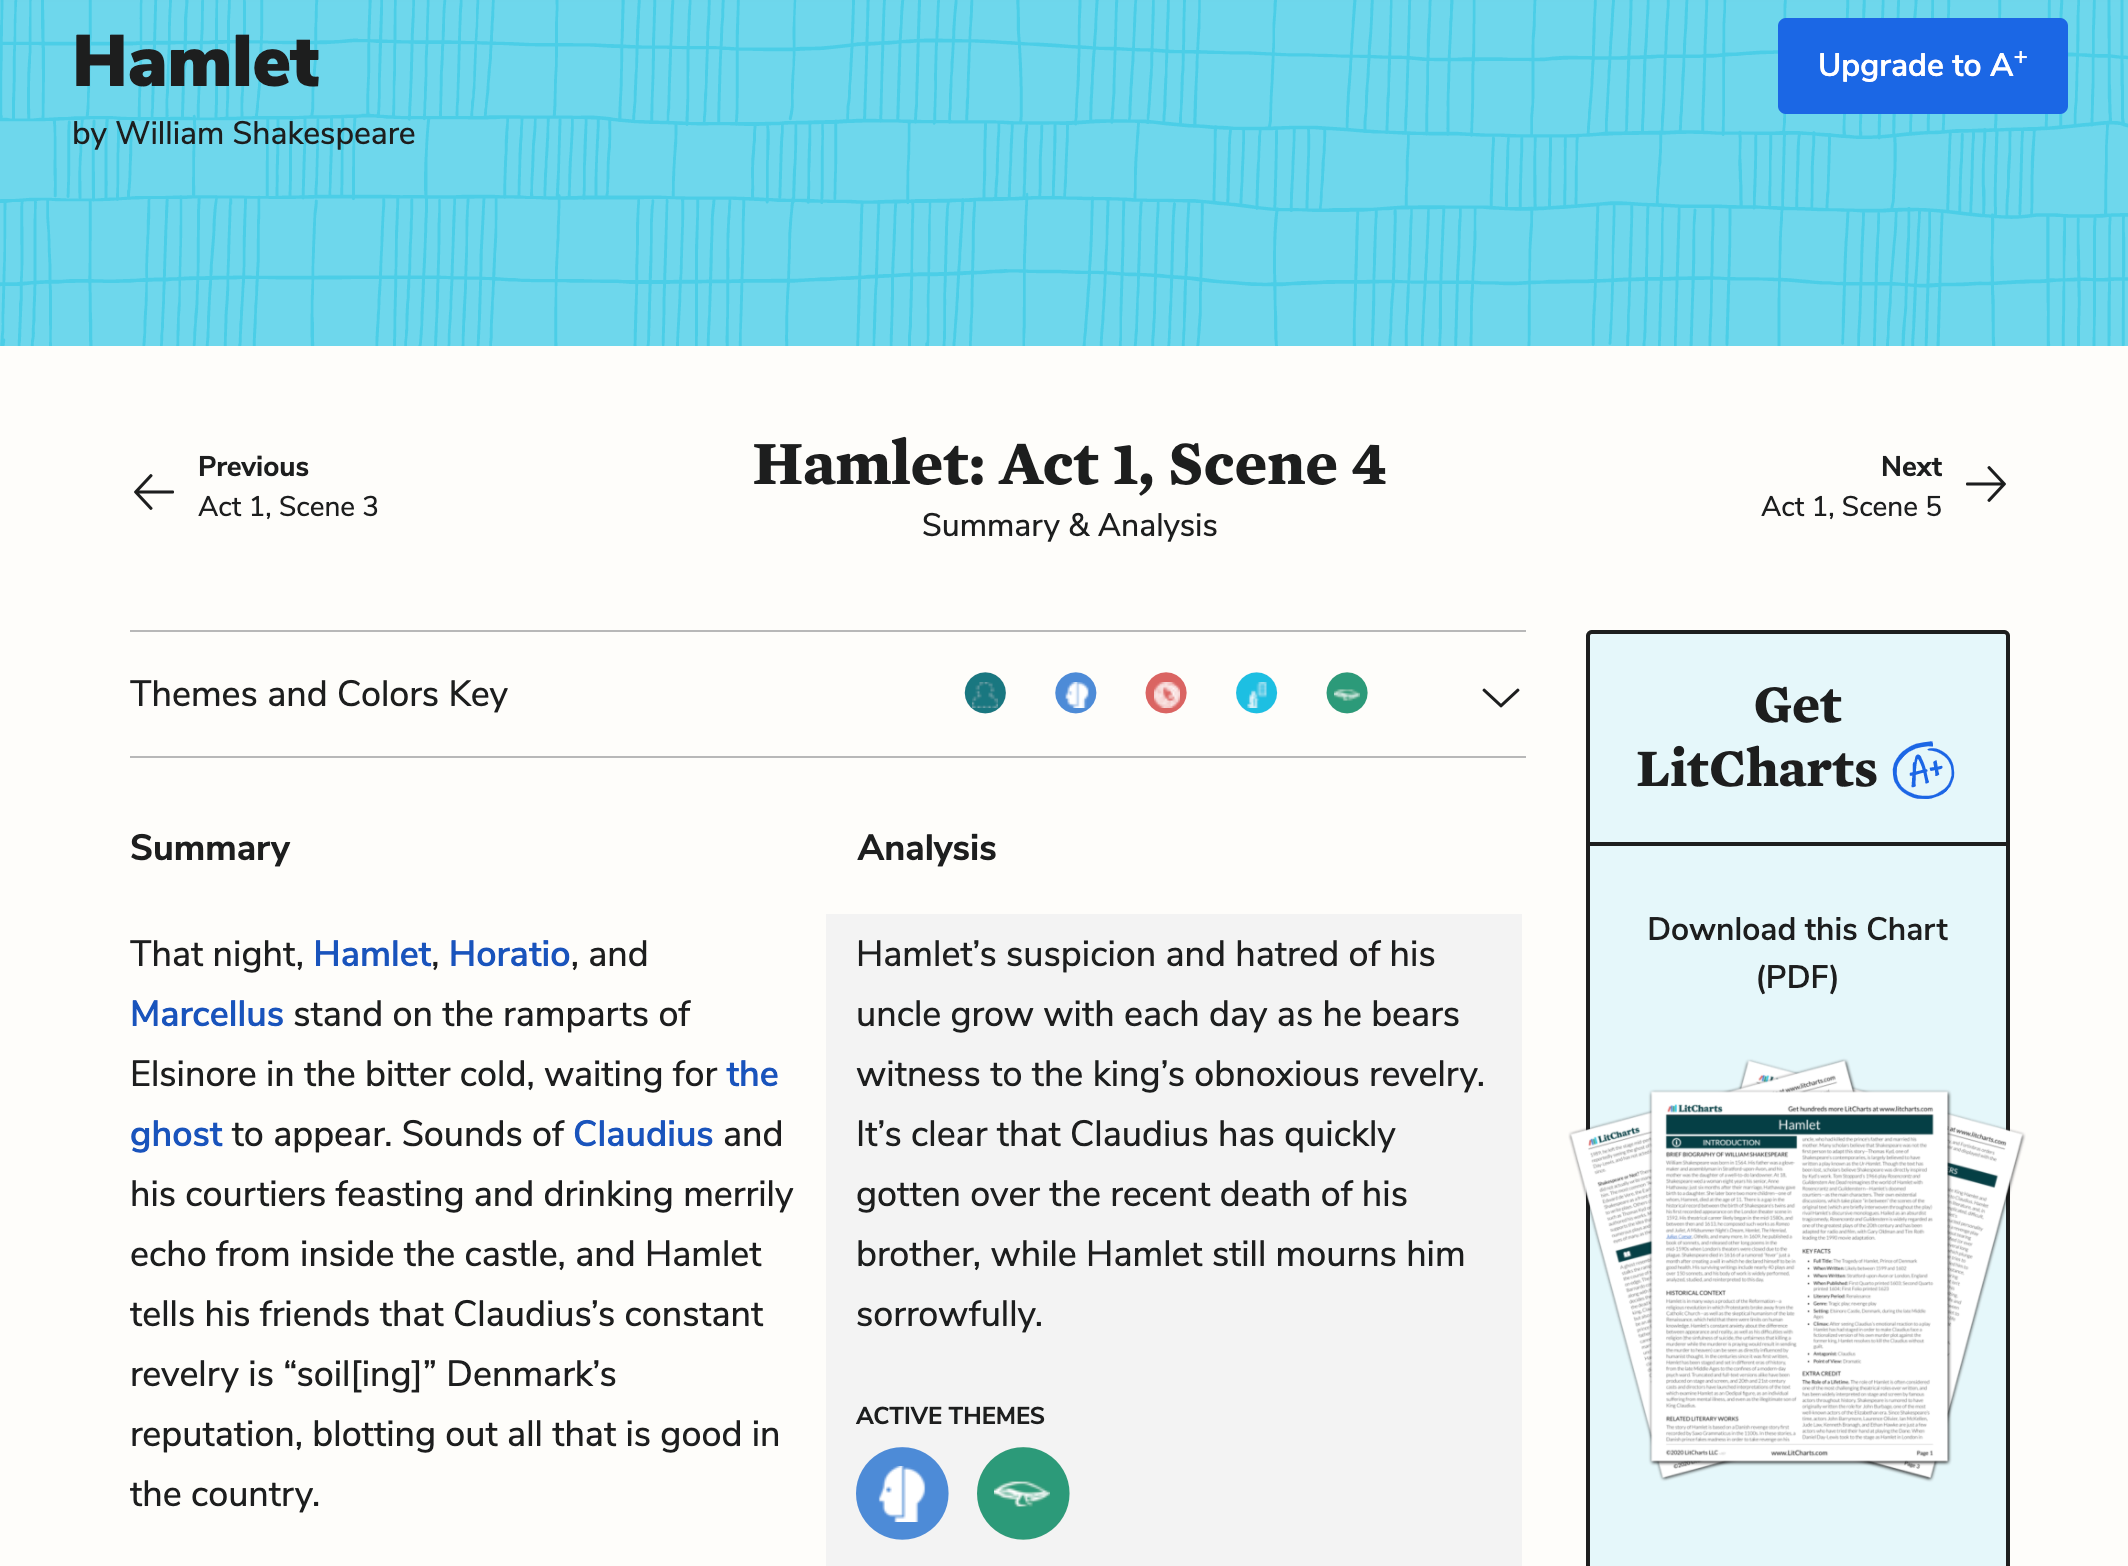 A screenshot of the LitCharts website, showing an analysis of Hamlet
####################
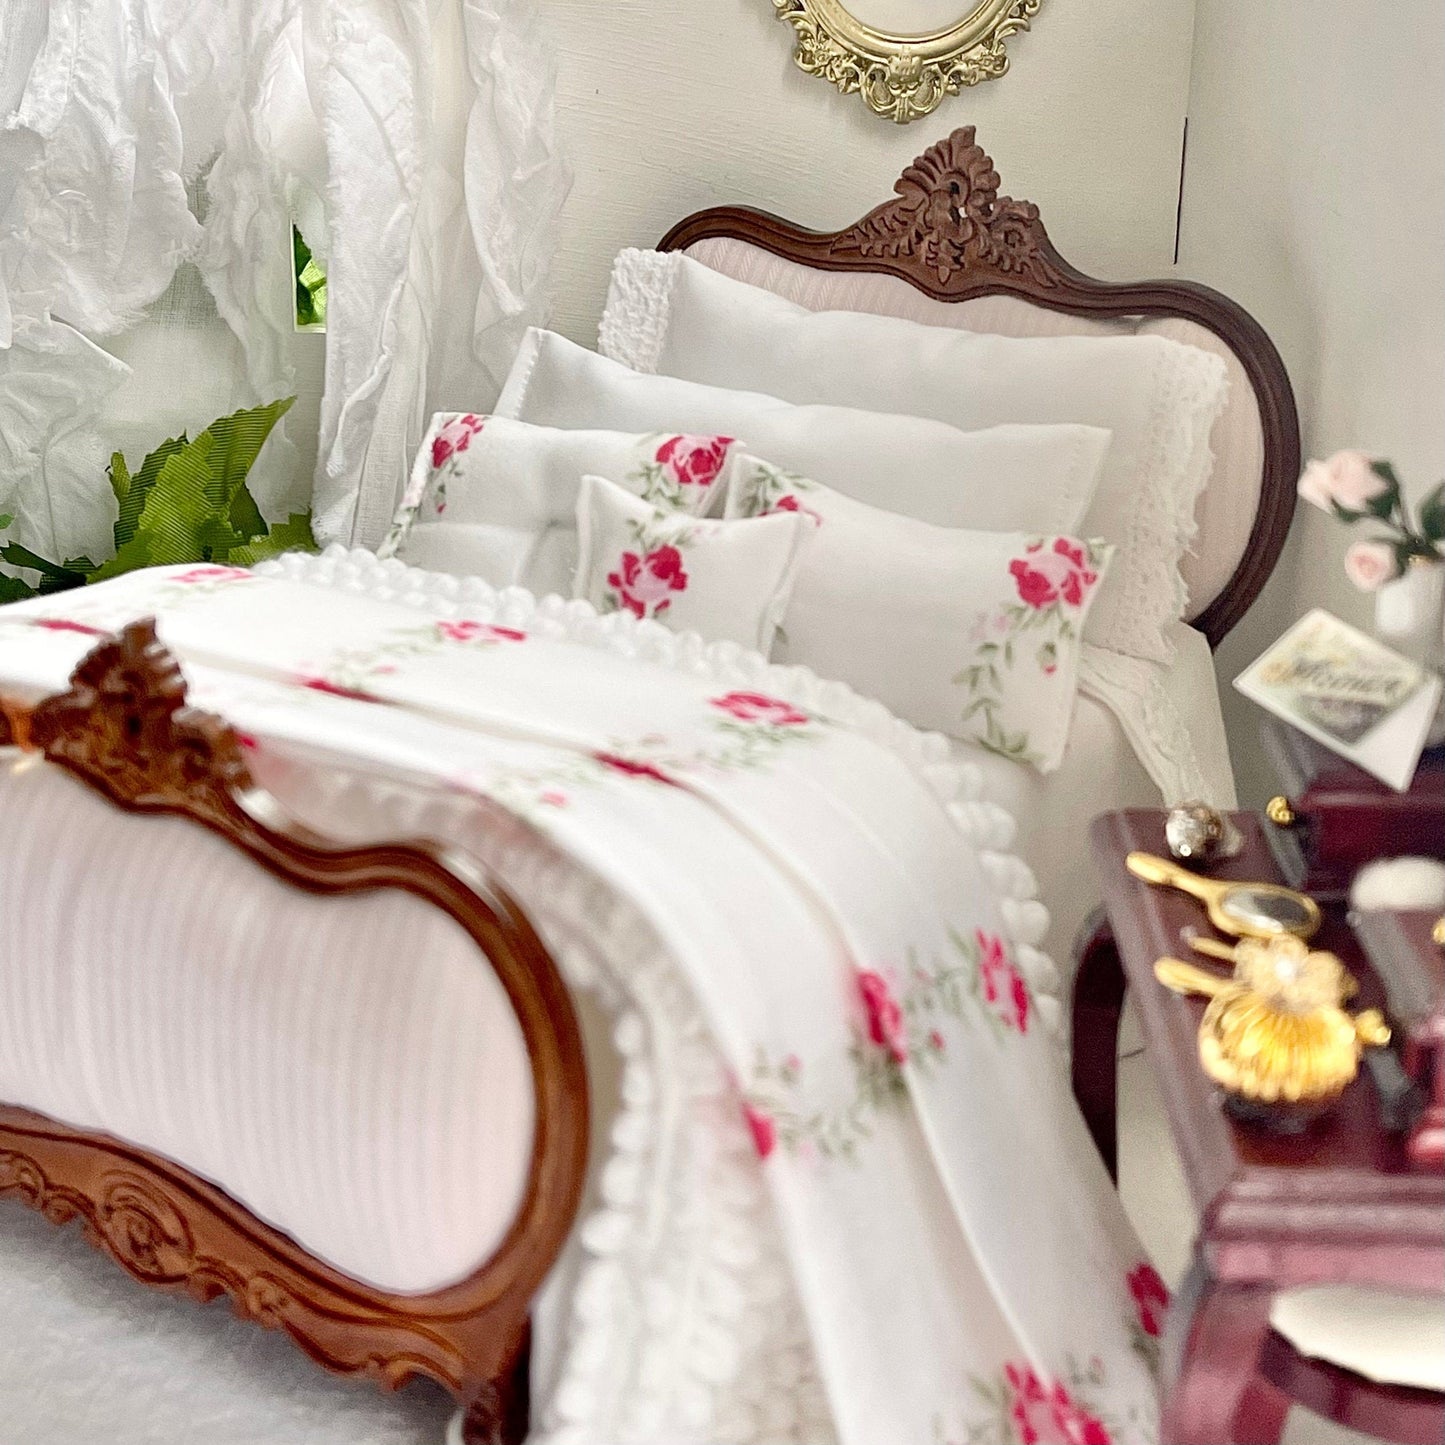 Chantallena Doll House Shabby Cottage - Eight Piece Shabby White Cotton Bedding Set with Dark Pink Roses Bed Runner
####################
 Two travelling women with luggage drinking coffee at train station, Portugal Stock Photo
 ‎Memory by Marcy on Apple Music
####################
◆ **Activity**:
Restate word for word the entries above from the line with "Two travelling women" through the line with "on Apple Music", inclusive, leaving out everything else.

◆ **Written answer**:
 Two travelling women with luggage drinking coffee at train station, Portugal Stock Photo
 ‎Memory by Marcy on Apple Music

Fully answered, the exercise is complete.